Information supplied:
++++++
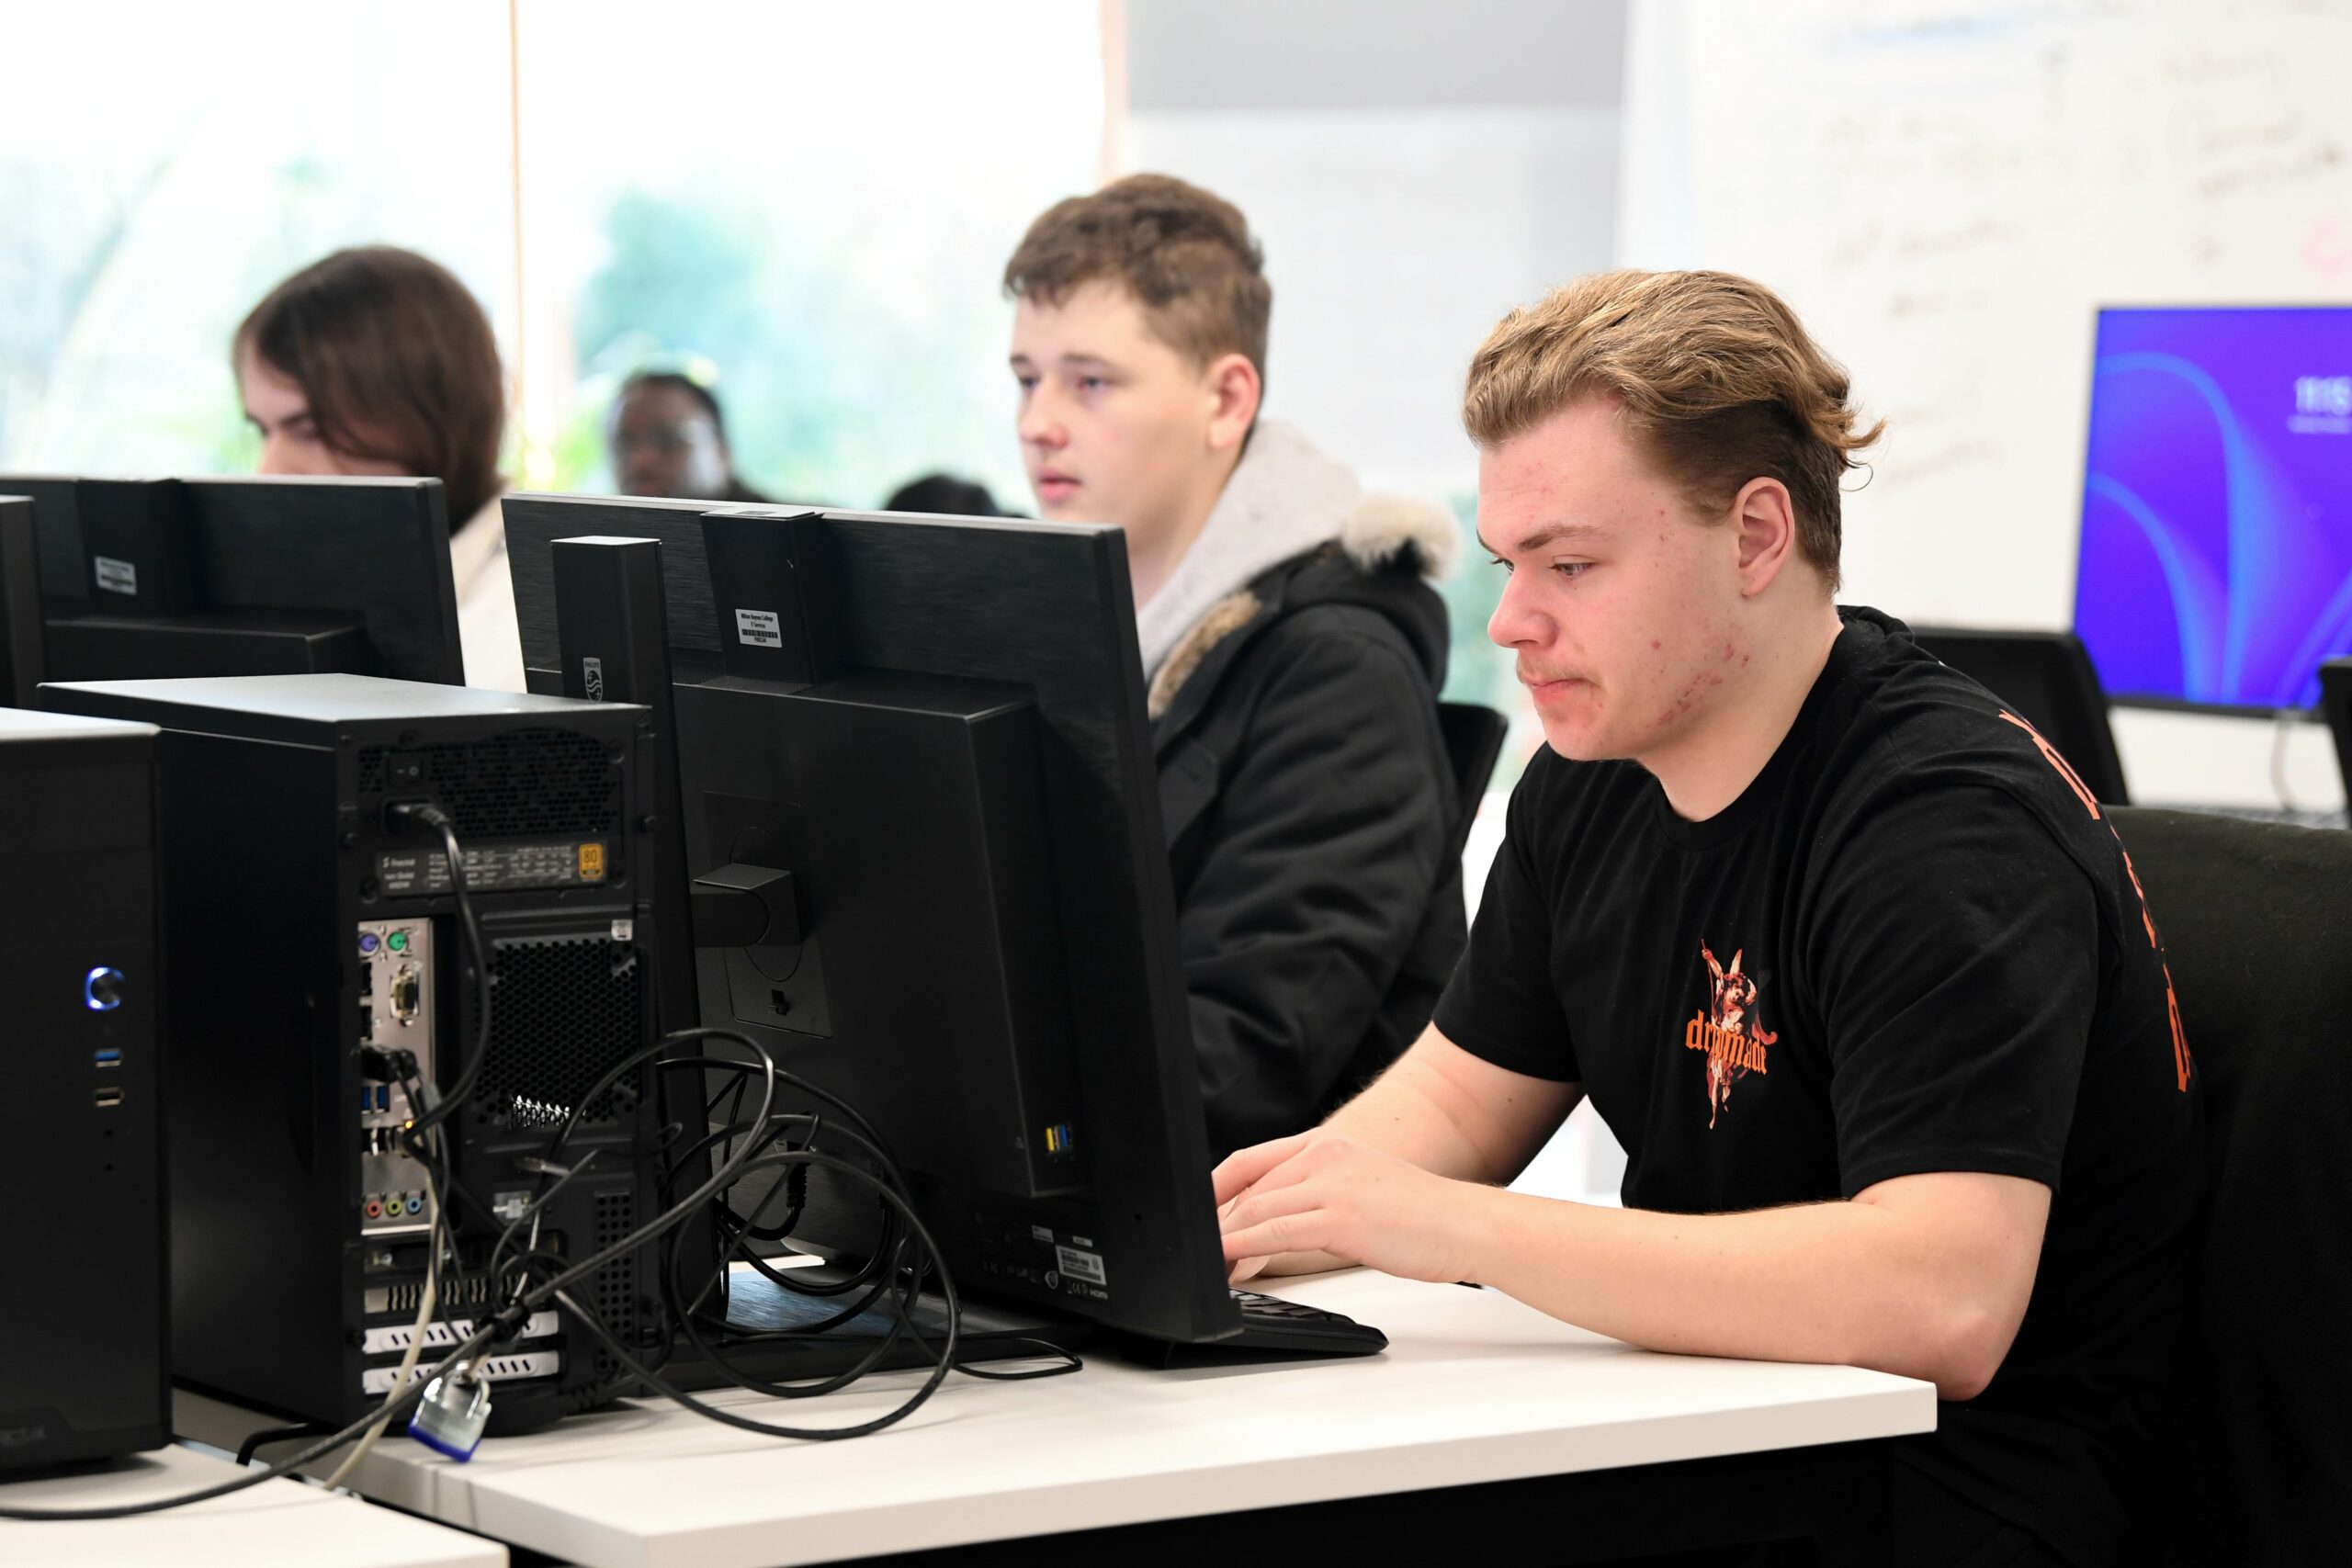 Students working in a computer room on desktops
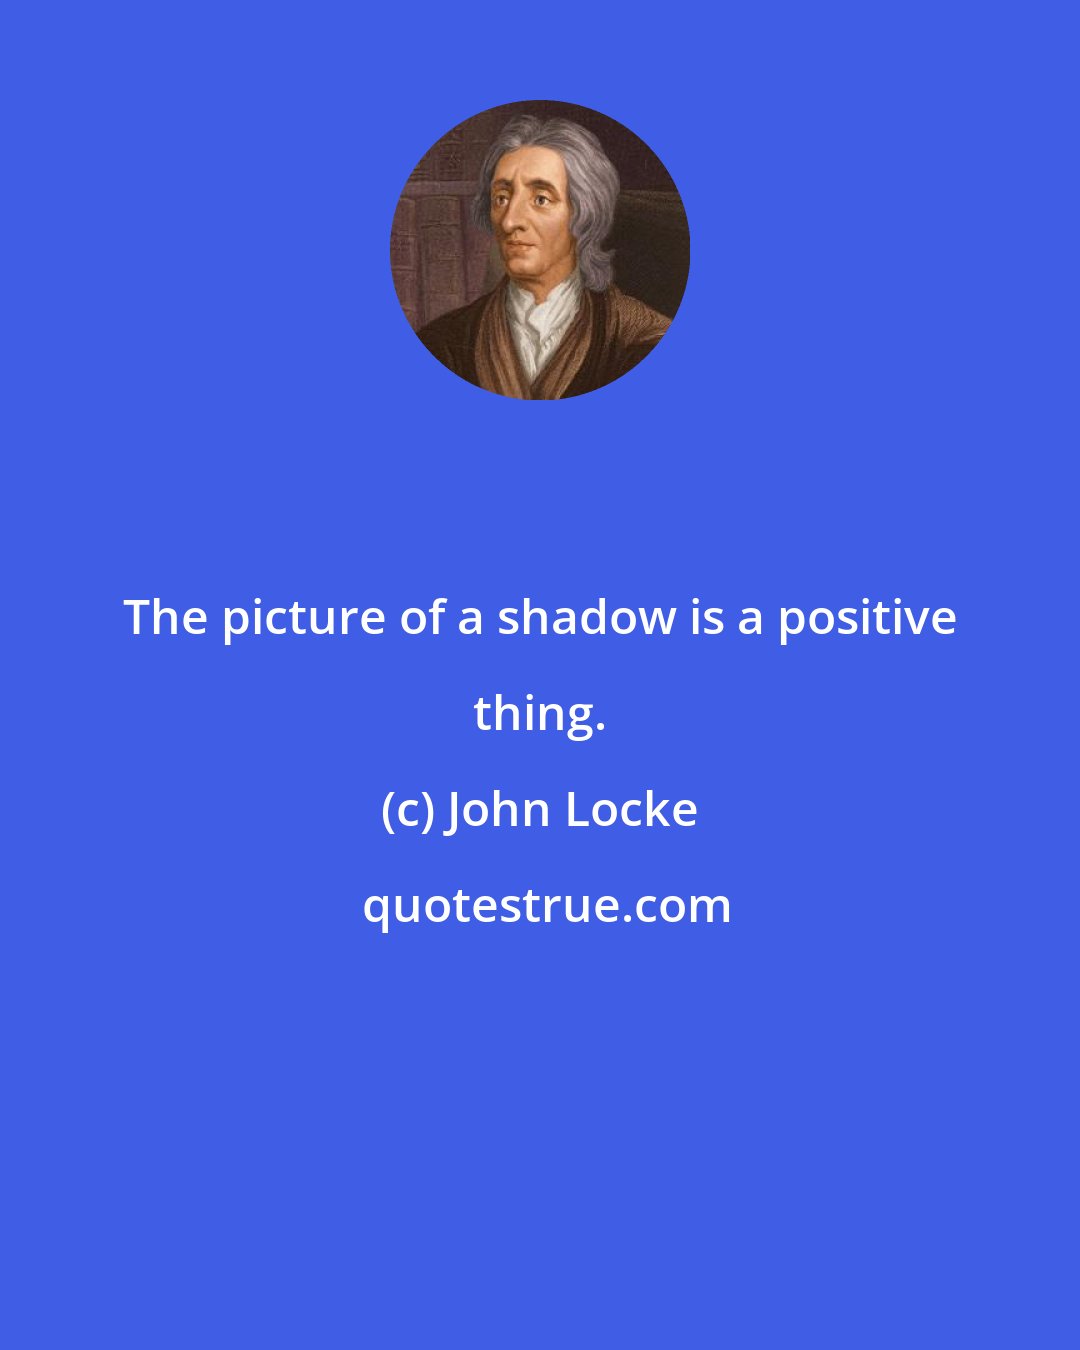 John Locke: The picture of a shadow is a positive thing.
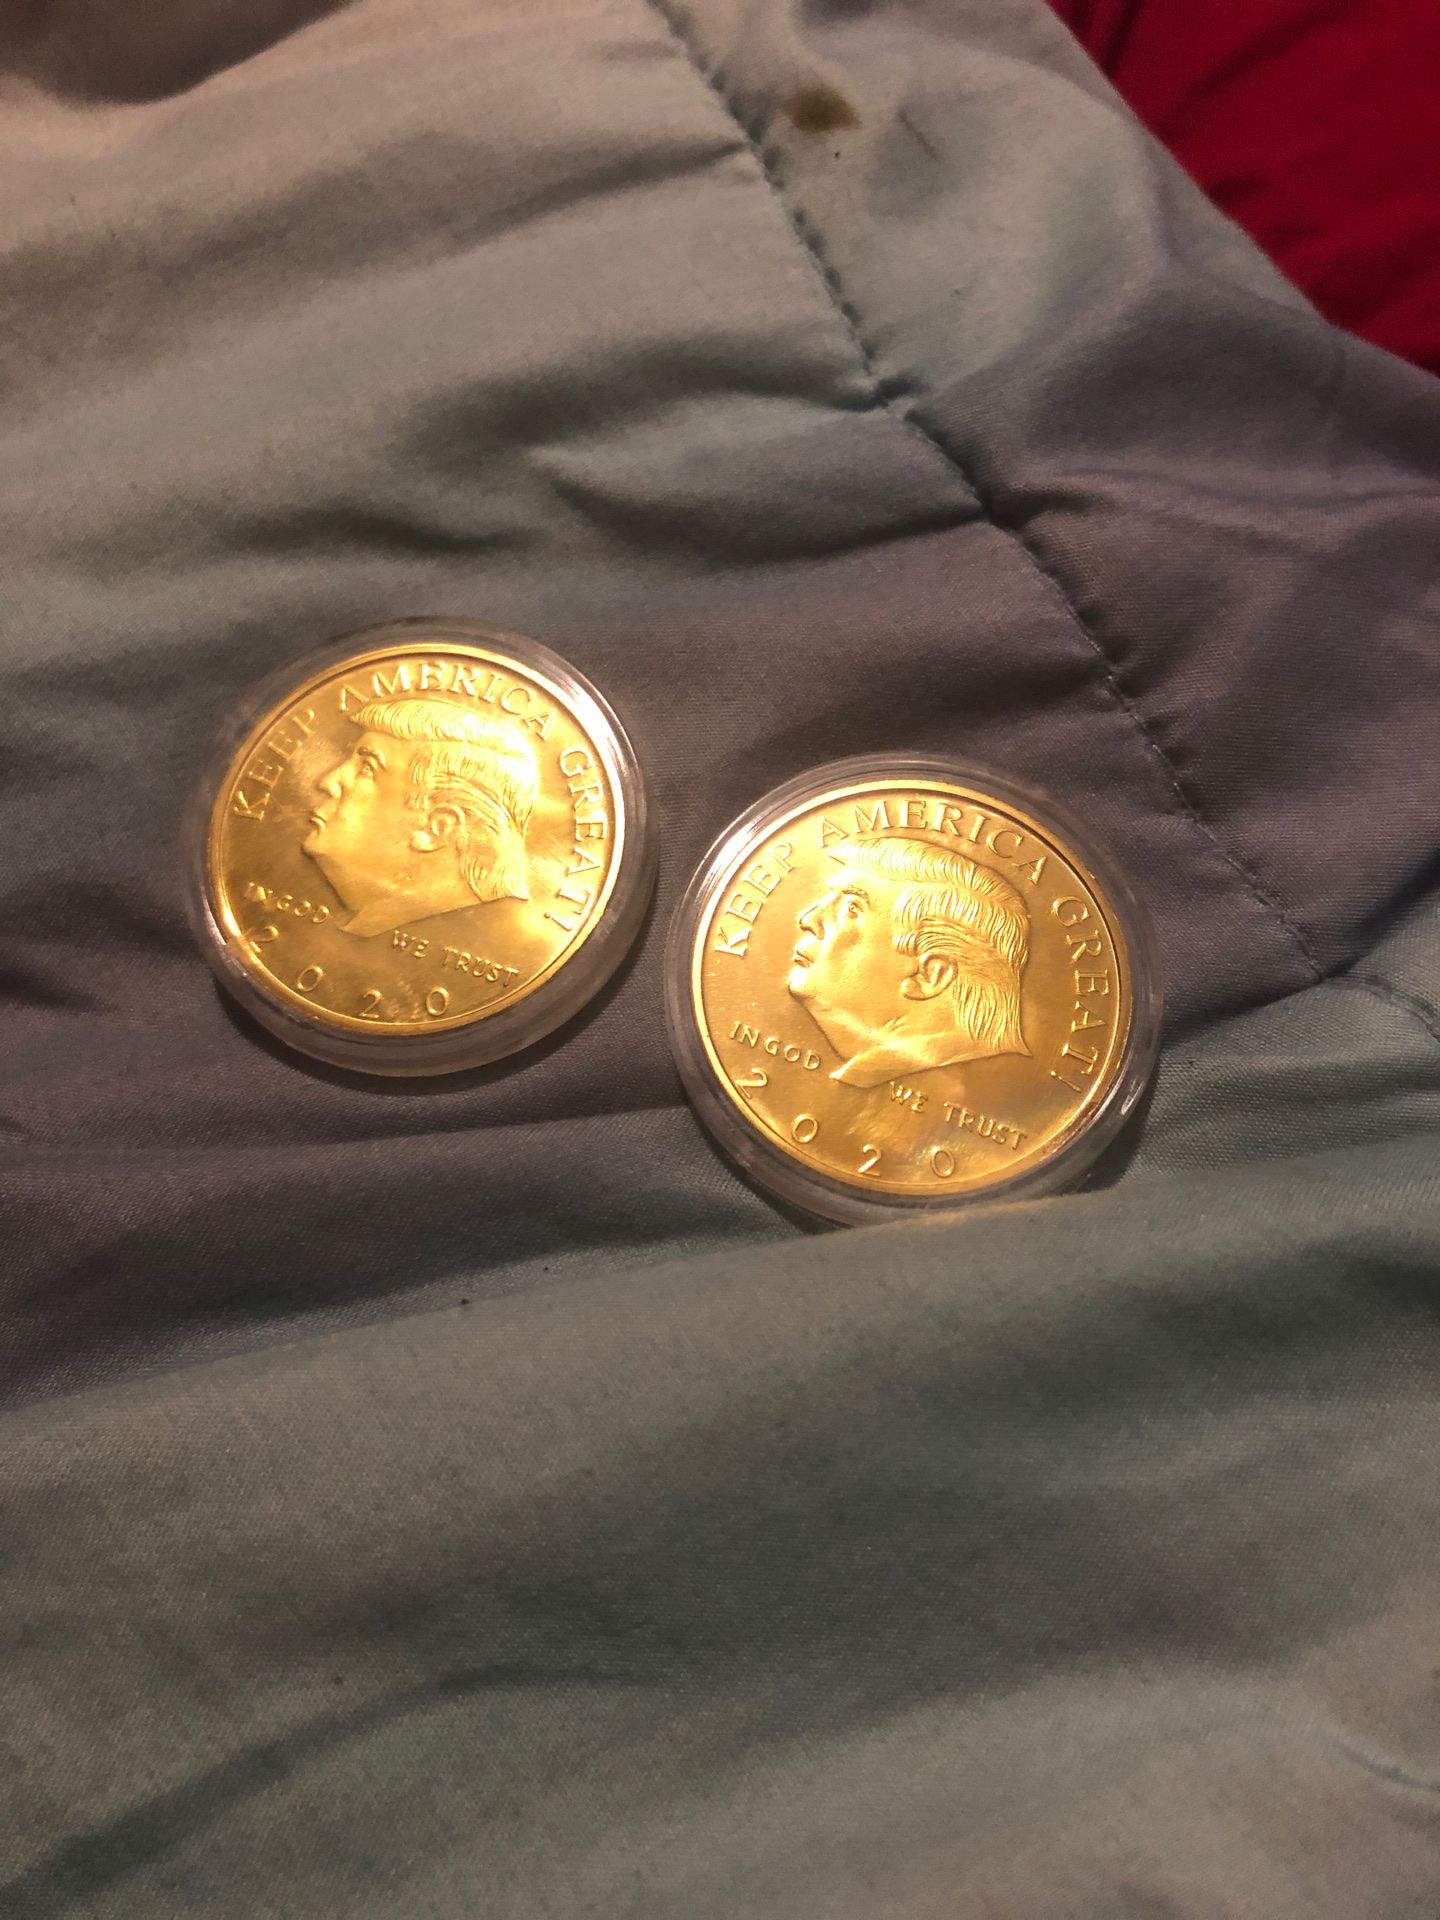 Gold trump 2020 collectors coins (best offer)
++++++
Any picture in the material is to be dropped; the rest is repeated exactly.

Solution to this problem:
 Students working in a computer room on desktops
 John Locke: The picture of a shadow is a positive thing.
 Gold trump 2020 collectors coins (best offer)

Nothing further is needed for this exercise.